This parameter controls whether a quote mark can be represented by \’ in the escape string syntax (E’…’).
At a glance
| Property | Value |
|---|---|
| Parameter | backslash_quote |
| Category | Version and Platform Compatibility |
| Default | safe_encoding |
| Value type | enum |
| Change scope | Per-session (SET) |
| Available in | PostgreSQL 12, 13, 14, 15, 16, 17, 18, 19 (added in 12) |
What it does
This parameter controls whether a quote mark can be represented by \’ in the escape string syntax (E’…’). The preferred, SQL-standard way to represent a quote mark is by doubling it (”) but PostgreSQL has historically also accepted \’. However, use of \’ creates security risks because in some client character set encodings, there are multibyte characters in which the last byte is numerically equivalent to ASCII \. If client-side code does escaping incorrectly then an SQL-injection attack is possible. This risk can be prevented by making the server reject queries in which a quote mark appears to be escaped by a backslash. The allowed values of backslash_quote are on (allow \’ always), off (reject always), and safe_encoding (allow only if client encoding does not allow ASCII \ within a multibyte character). safe_encoding is the default setting.

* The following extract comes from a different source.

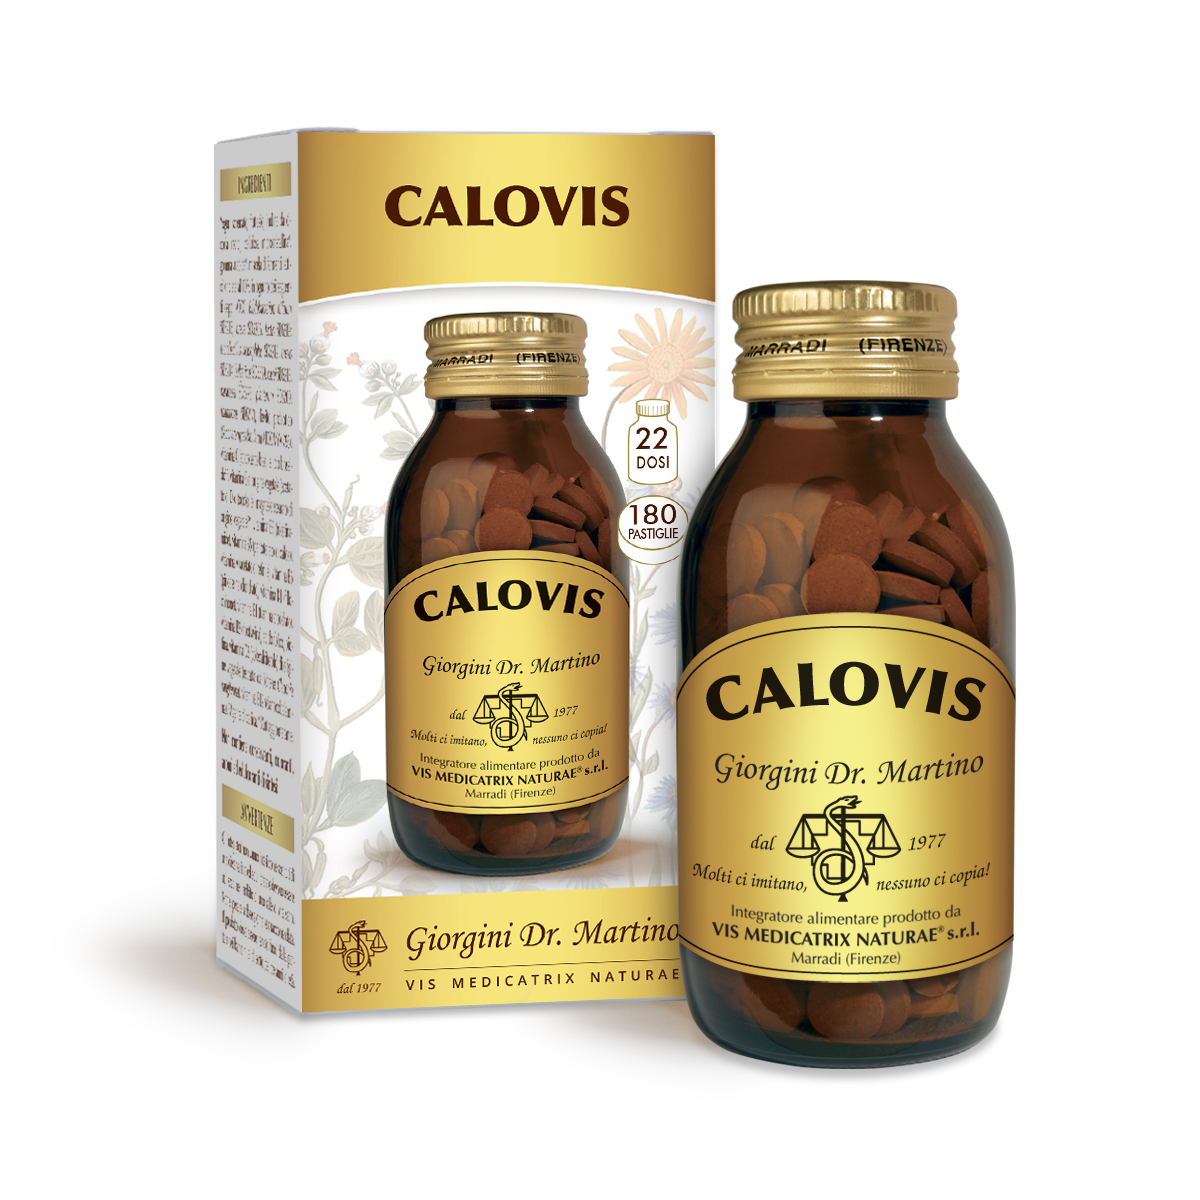 CALOVIS 180 pastiglie

Note that in an ordinary string literal, \ just means \ anyway. This parameter only affects the handling of escape string syntax.
(Description quoted from the official PostgreSQL documentation.)
How to apply a change
Can be set per session with SET, per role/database with ALTER ROLE/DATABASE ... SET, or globally in postgresql.conf.
Inspect the current value and source with SHOW backslash_quote; or SELECT name, setting, unit, context, source FROM pg_settings WHERE name = 'backslash_quote';.
Tuning guidance
This controls backward-compatibility behaviour, not performance. Keep it at the modern default unless a specific legacy application depends on the older behaviour; turning compatibility flags on to paper over application bugs stores up problems for a future upgrade. Treat any non-default value as technical debt to remove.